Yahoo chose HBase in 2012 to be the foundational database driving its web analytics pipeline. This generated hundreds of thousands of operations per second across a mammoth cluster that provided insights into Yahoo‘s content consumption.
Adobe leveraged HBase heavily to create a customer profile management repository as a critical system of record for all audience data and attributes. They built this as part of Treasure Data – their customer intelligence cloud.

These pioneering customers at enormous scale really put HBase through the wringer – pinpointing shortcomings, sharing feedback and contributing improvements to the ecosystem.

Over time, HBase‘s architecture and tooling evolved significantly to comfortably sustain such workloads for the long haul. Innovations included native backup tools, optimized compaction, built-in replication, autosharding tables, rack awareness and more.

Mature 1.0 Release But Competition Looms

Close to 10 years after initial work started, HBase finally hit the major 1.0 milestone in 2016. This release reflected its graduation from early stage NoSQL database to serious enterprise grade contender.

Architecturally, HBase reached a level of stability on par with leading databases. Capabilities expected of any transactional system were now comprehensive – high availability, disaster recovery, access controls, encryption, consistent indexing.

The external ecosystem flourished in synch – with commercial vendors extending HBase for operational BI uses, hardware vendors preconfiguring HBase appliances, and specialized support firms providing 24×7 managed services. Adoption also accelerated within Asia with Alibaba and Xiaomi running some of the largest known clusters.

However, the database market evolved feverishly alongside HBase‘s own ascent. Competition emerged from document stores like MongoDB focused on developer velocity. Cassandra offered blazing fast write throughput and operational simplicity. Eventually, managed cloud services like DynamoDB provided turnkey NoSQL.

So while HBase‘s growth trajectory kept soaring, it still had to fight for mindshare amidst the crowded Big Data technology landscape now full of compelling alternatives pitching differentiated capabilities.

Streamlined Architecture for the Cloud Native Era

In response, recent years have focused on reinventing HBase for the new world order – one dominated by Kubernetes, containers, and a vast open source data technology menagerie.

The flagship HBase 2.0 release in 2018 emphasized architectural enhancements for easier modernization. It introduced cleaner separation between computation and storage for improved flexibility and operational simplicity.

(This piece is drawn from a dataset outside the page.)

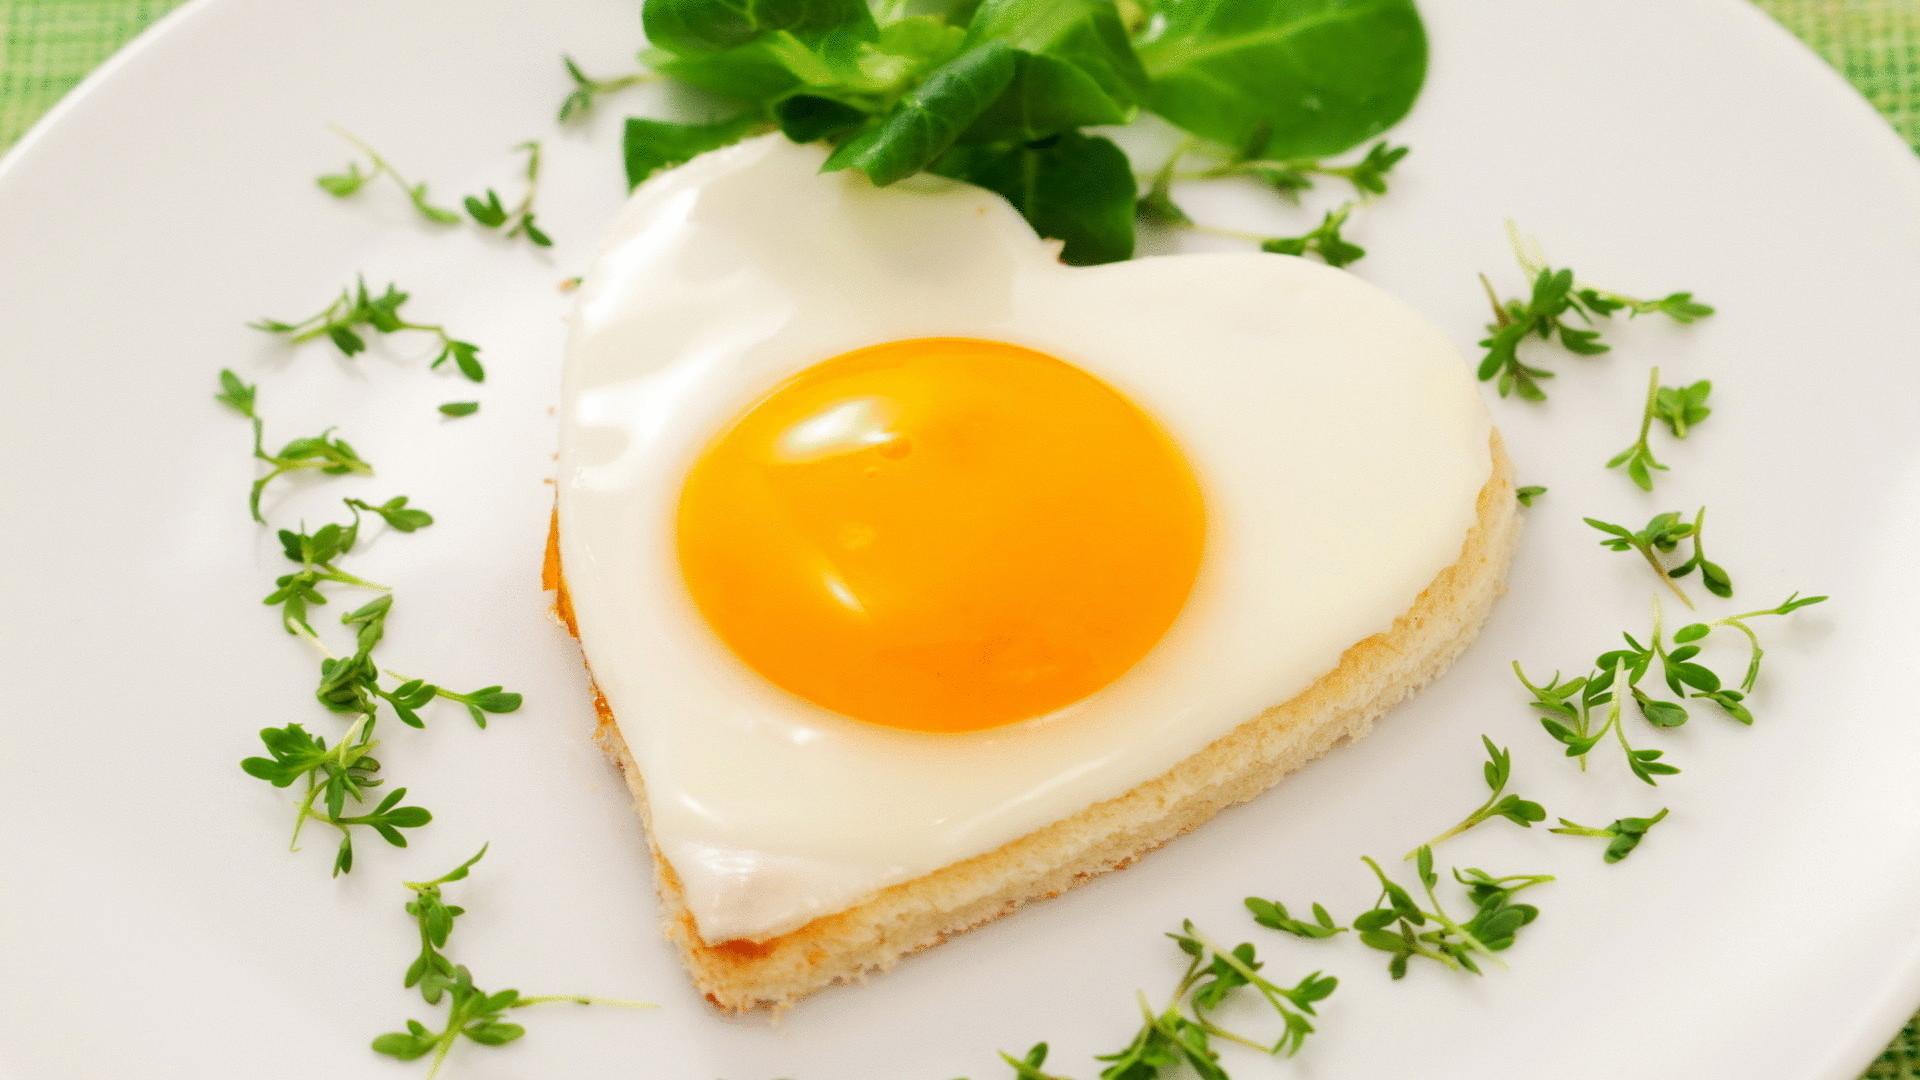 как можно понизить холестерин в крови побыстрее

HBase 3.0 built further upon this foundation to radically overhaul the storage layer, allowing for running nodes as containers and having storage separately managed. Online cluster rebalancing was made seamless through master-mobility architecture. Dramatic improvements reduced maintenance overhead via the HBCK2 cluster replication tool.

These changes future-proof HBase for the cloud native world demanding pluggability with adjacent data systems, ease of deployment on containers, storage dissociation from computing, and efficient resource elasticity.

Still Going Strong In Its Teens

Well into its teens, HBase continues enjoying broad adoption today from thousands of organizations, including marquee names like Facebook, Netflix, Yahoo, Adobe, Flipkart, Didi Chuxing and Xiaomi running enormous clusters handling billions of rows.

After years of hardening, stabilization and architectural advances, HBase prevails as a highly versatile open source database uniquely bridging OLTP and OLAP systems for modern big data apps – proving its resilience despite maturation of the wider NoSQL ecosystem.

Just like the natural language search capabilities it helped realize, HBase‘s historical significance rests in pioneering big data databases as we know them today – effectively demonstrating how NoSQL systems running on commodity hardware can transform scalability economics.

As one of the most proven battle tested open source databases around, HBase‘s best years still likely lie ahead as the world‘s data explosion continues.